The Man Behind Unitree: Insights on AI, Adoption, and Growth
As China’s humanoid industry enters the spotlight, these translated pieces with Unitree’s founder share candid thoughts on technology, and what it will take to reach robotics’ "ChatGPT moment"

Editor’s note: China’s robotics industry is having a moment. Over the past year, its robots have moved from factory floors and research labs into the public eye - dancing on national television, sparring in matches, and drawing attention at international trade shows. Among the most visible players is Hangzhou-based Unitree Robotics, known for its agile quadrupeds and humanoid models like the H1 and R1. Its founder, Wang Xingxing, was the youngest entrepreneur to join Chinese President Xi Jinping’s high-profile business symposium in February this year. In July, the company entered pre-IPO counselling with CITIC Securities, signaling its intent to raise capital for the next stage of growth.
This issue of Asia Tech Lens brings you the highlights from two recent appearances by Wang Xingxing in Chinese publications: one from 36Kr, and the second from an exclusive interview with People’s Daily, the official newspaper of the Communist Party.
We chose to translate these pieces because they shed light on where China’s humanoid sector stands today, the challenges ahead, and how one of its most prominent entrepreneurs is preparing for what he predicts will be robotics’ “ChatGPT moment” within the next five years.
Questioning the Hype Around VLA
The much-hyped Vision-Language-Action (VLA) framework has become a go-to in robotics circles.
At its core the VLA is meant to help robots connect what they see (vision) with what they read (language) and then decide what to do (action). It’s designed to let robots understand their environment, interpret human instructions, and perform tasks, without needing to be manually programmed for each one. These models are trained on vast datasets of images, text, and robot actions, enabling them to generate robot actions directly from visual observations and text-based commands.

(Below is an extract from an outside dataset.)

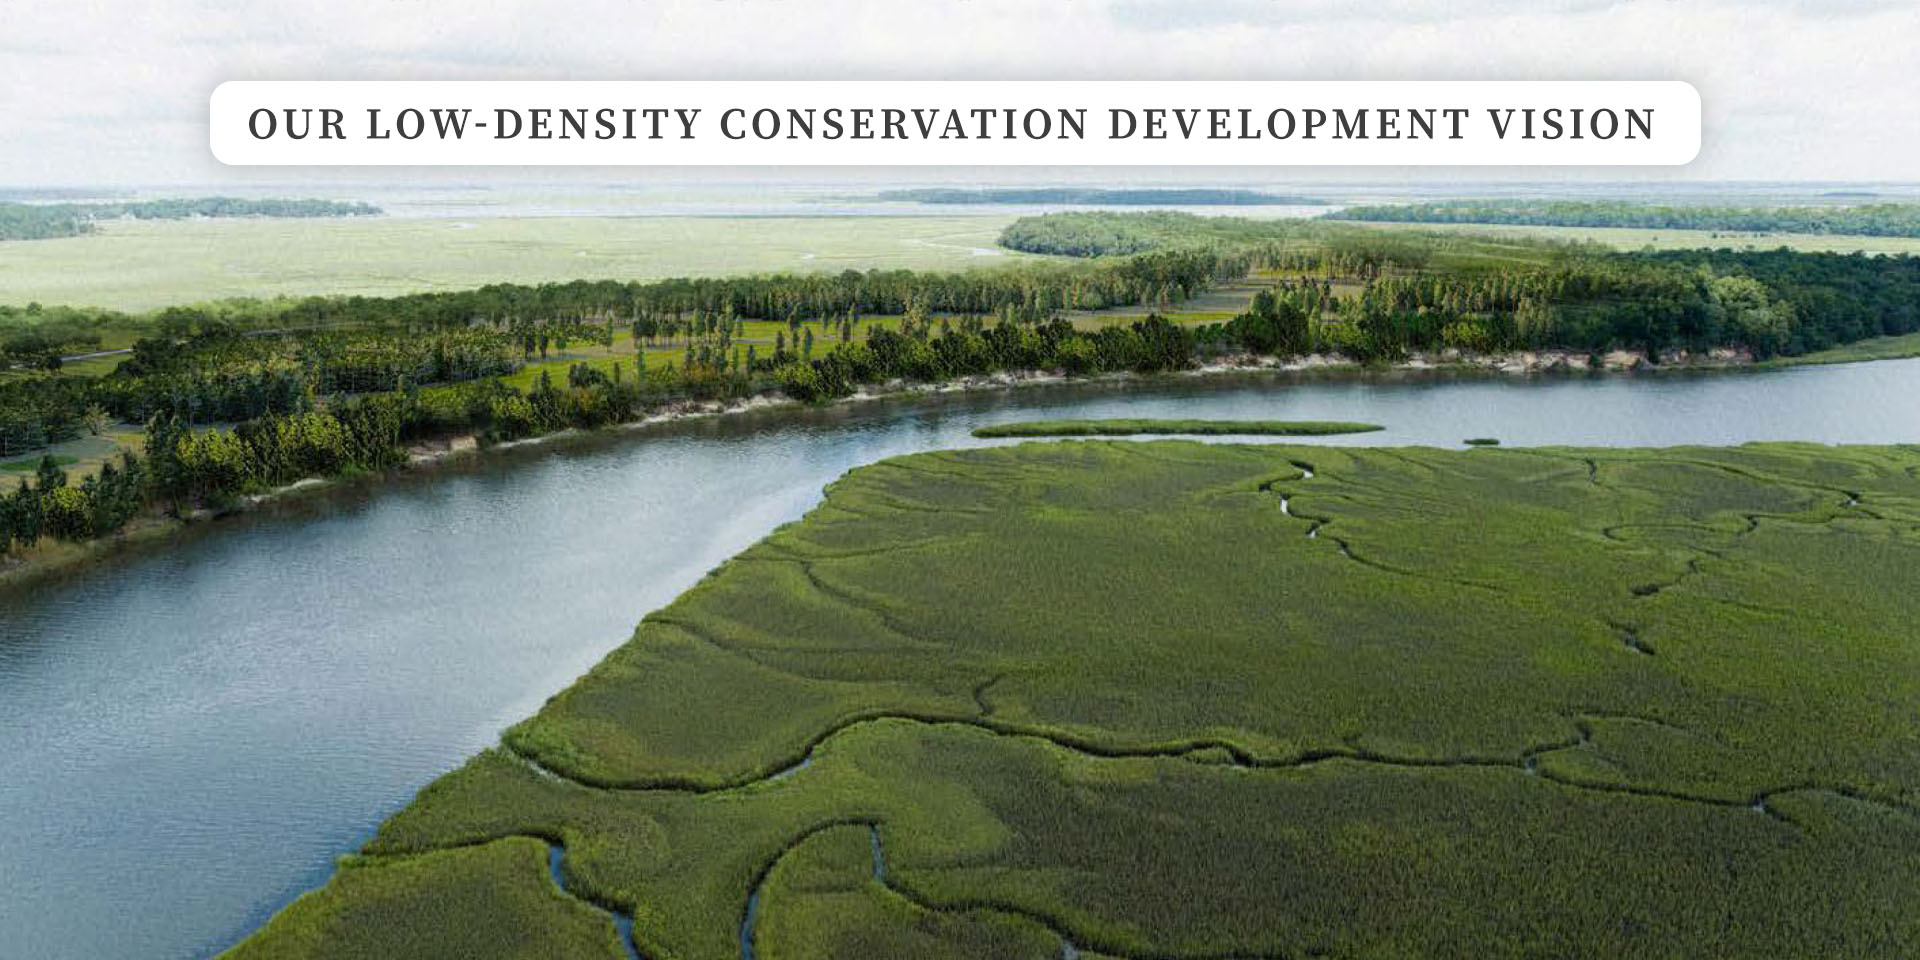 Along Village Creek: Our Low-Density Conservation Development Vision

Wang is blunt about VLA: he sees it as “a relatively simplistic architecture”. His criticism centered on insufficient data: embodied AI lacks the quantity and quality of real-world data necessary for effective VLA deployment.

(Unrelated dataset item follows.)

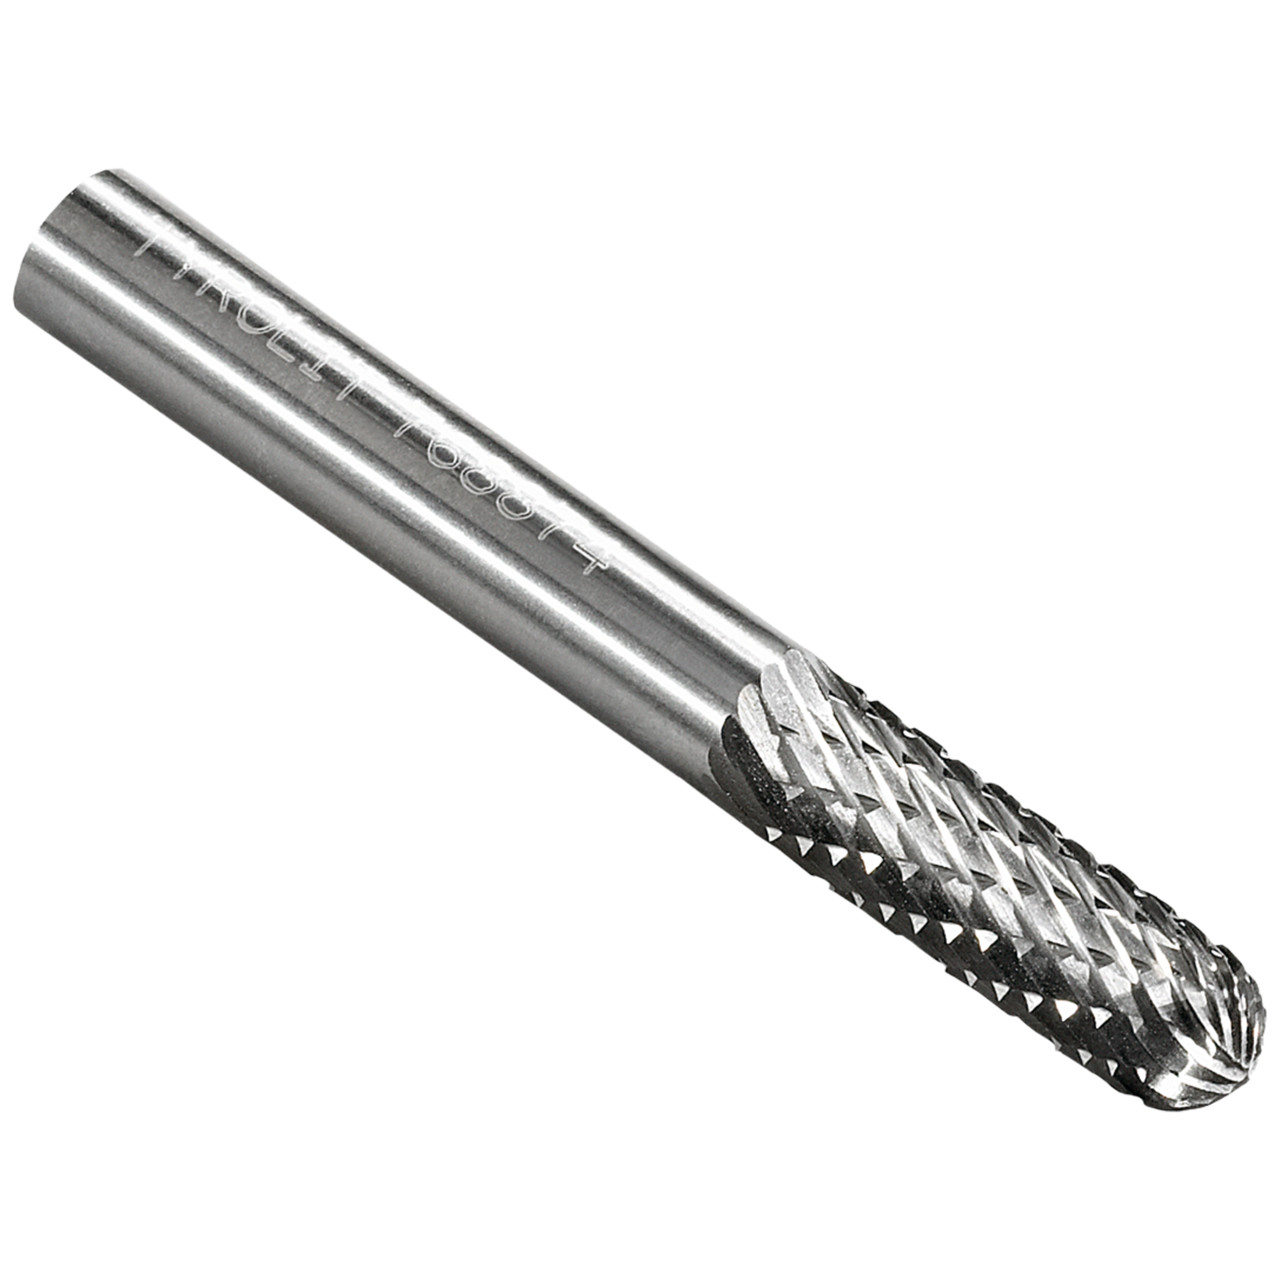 Fresa in metallo duro Tyrolit DxT-SxL 8x19-6x65 Per ghisa, acciaio e acciaio inox, forma: 52WRC - cilindrica, Art. 768878

In his view, the bottleneck isn’t just in the volume or quality of data, but in the models themselves: “Current models are not good enough, and not unified enough.” Without better models and richer datasets, VLA will have a hard time handling the messiness of real-world environments.
Hedging Bets: VLA vs. Video-Based Approach
Wang isn’t rejecting VLA entirely though. Unitree is experimenting with AI-enhanced VLA models. But the company is leaning more toward video-driven methods to develop its robotics cognitive architecture. Inspired by Google's video-driven world model released last year, Unitree tried a similar approach: generate a video “a robot tidying up a room” and then use that video to train a robot to actually do the task.
Wang predicts that video-based paths might advance faster and converge more reliably than VLA, but notes:
“High video quality demands result in excessive GPU consumption.”
“Unitree’s Model Team Is Actually Not Small”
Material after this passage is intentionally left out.